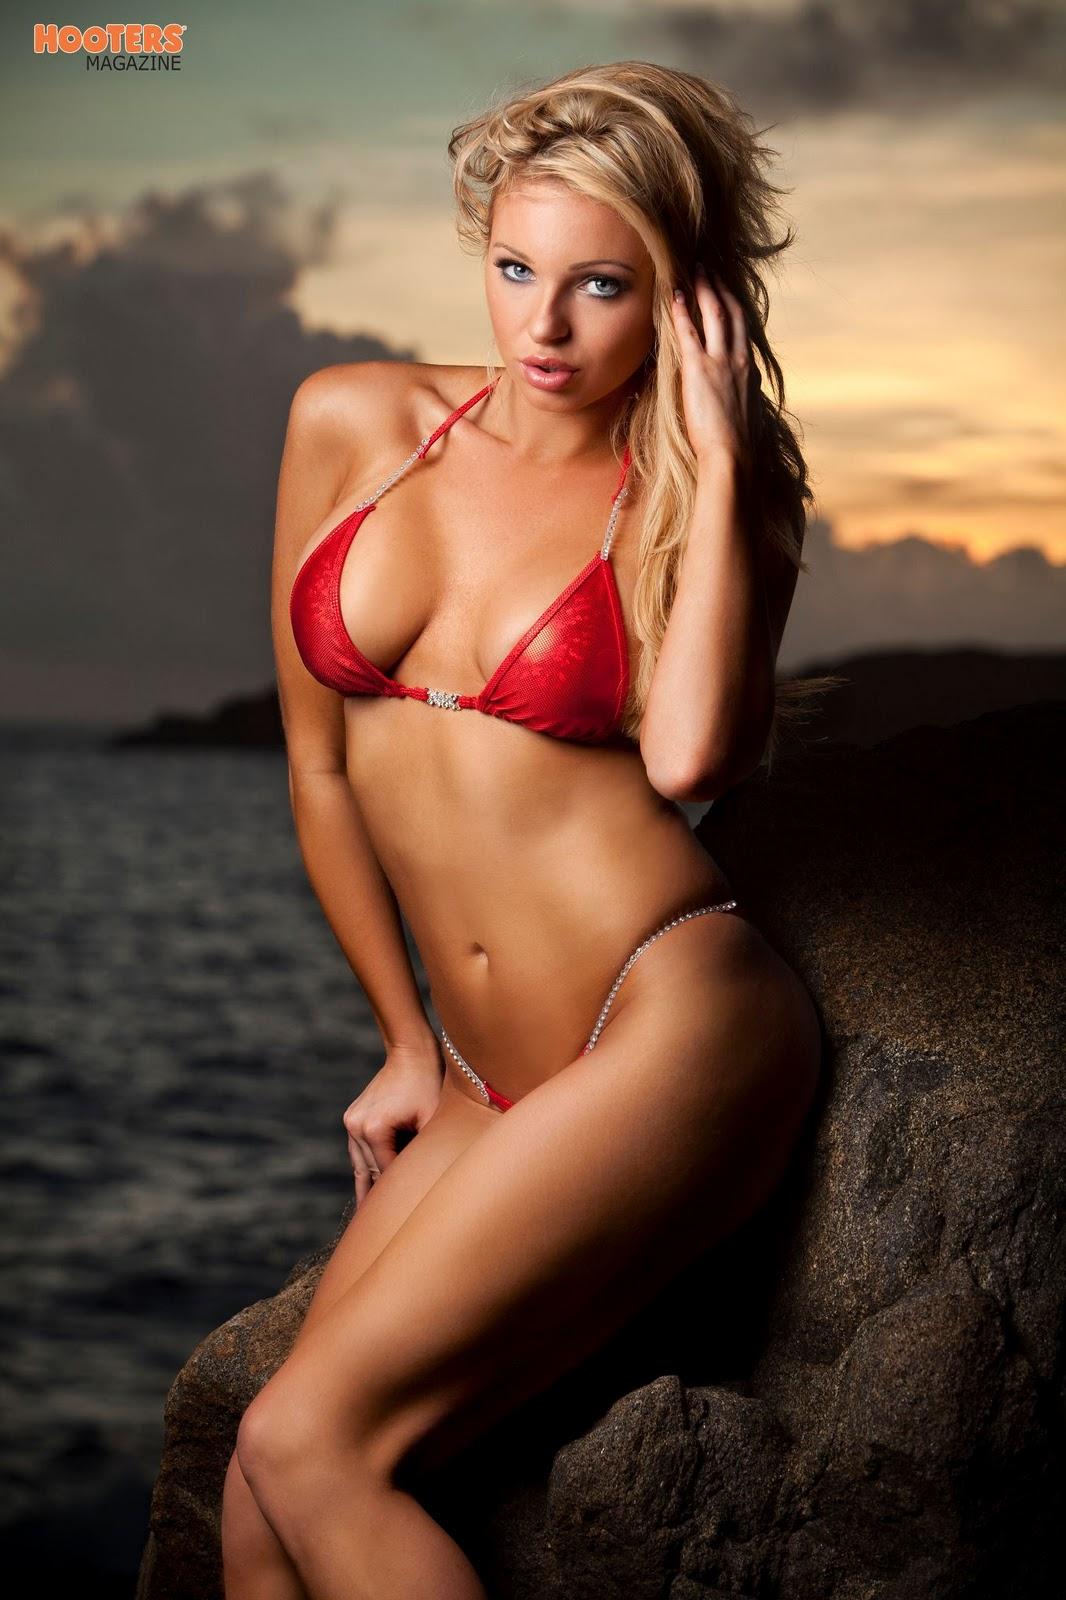 Hotters Girl Hotter Alexa-6530
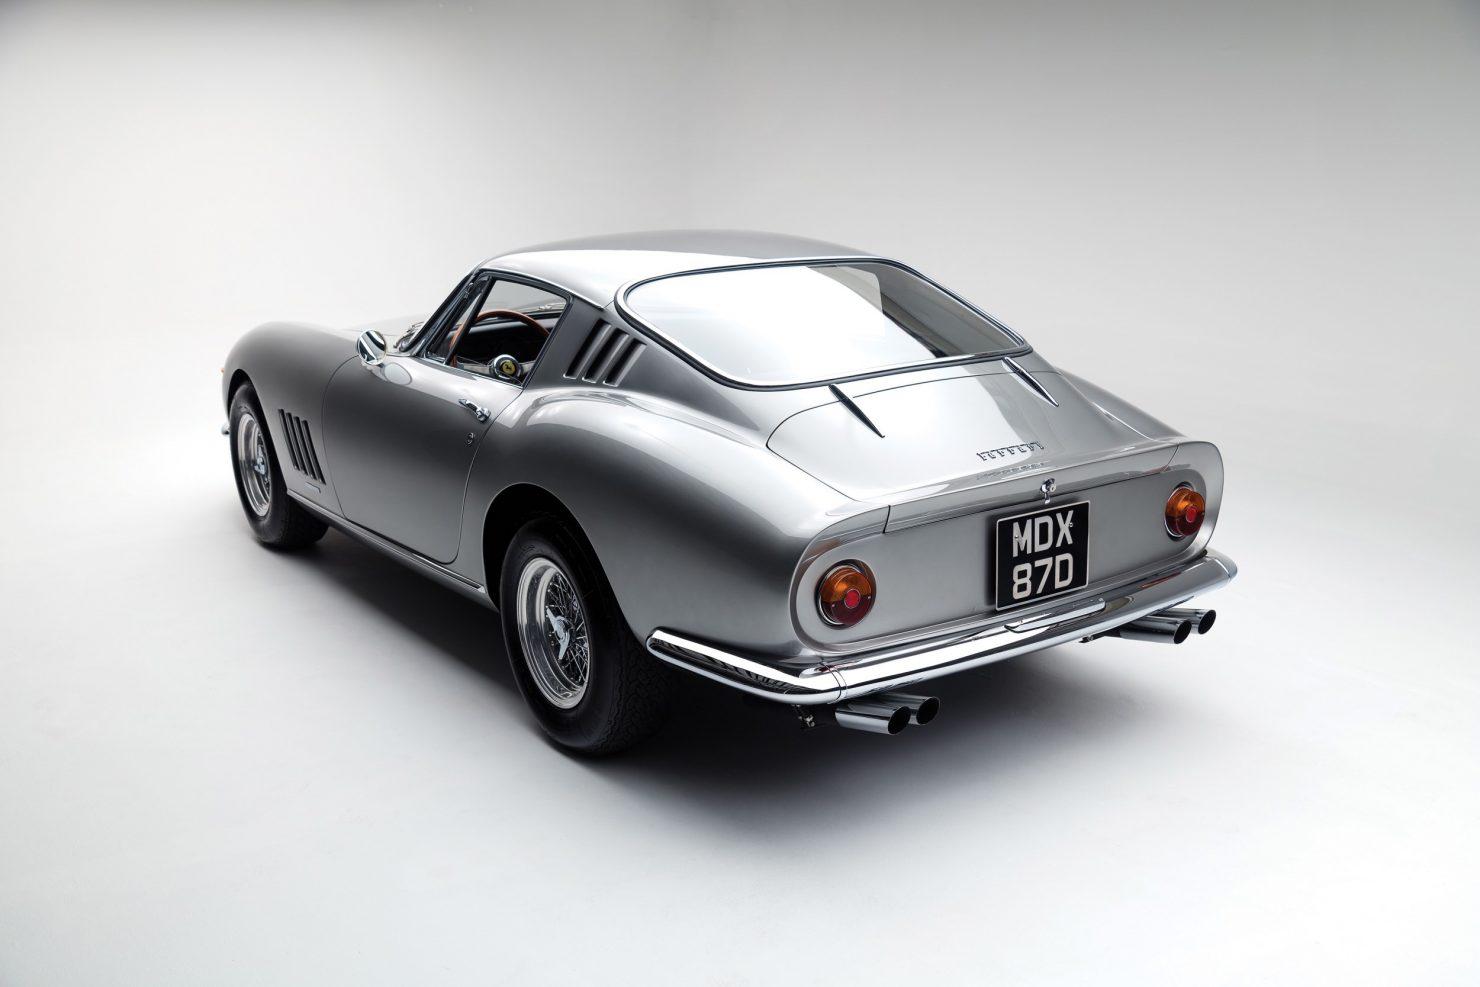 ferrari 275 gtb car 2 1480x987 - 1965 Ferrari 275 GTB/6C Alloy
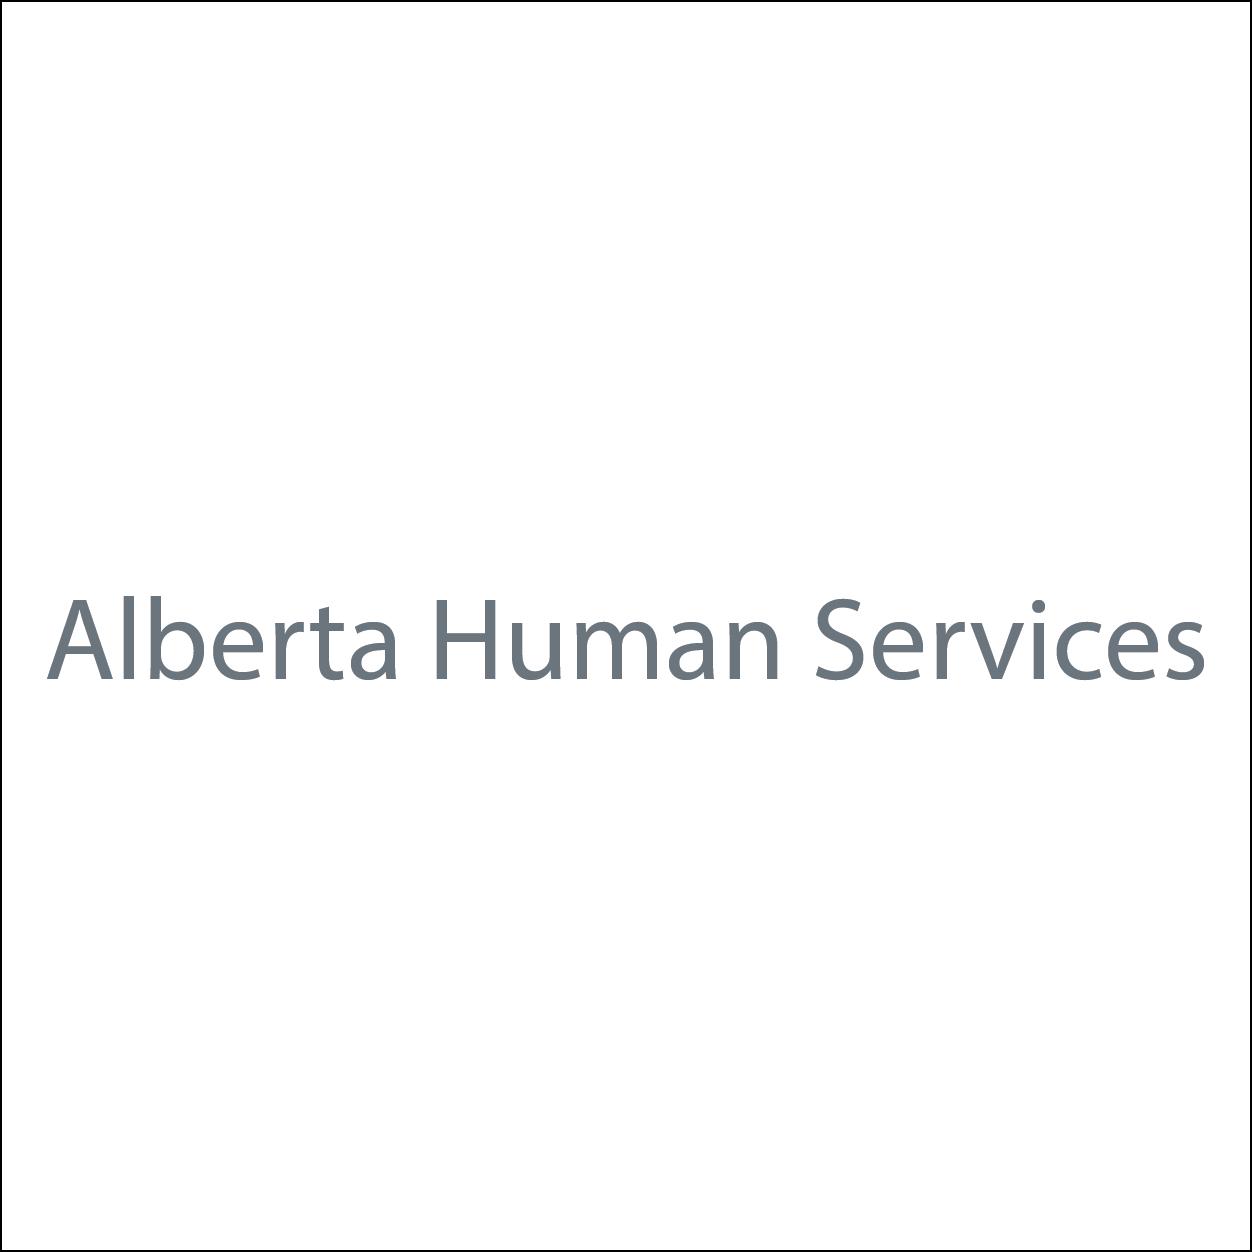 Alberta Human Services

Task description -
Pictures are not part of the answer, which must be the exact lines from the one holding "ferrari 275 gtb car" through the end of the material, both ends included.

Your response -
 ferrari 275 gtb car 2 1480x987 - 1965 Ferrari 275 GTB/6C Alloy
 Alberta Human Services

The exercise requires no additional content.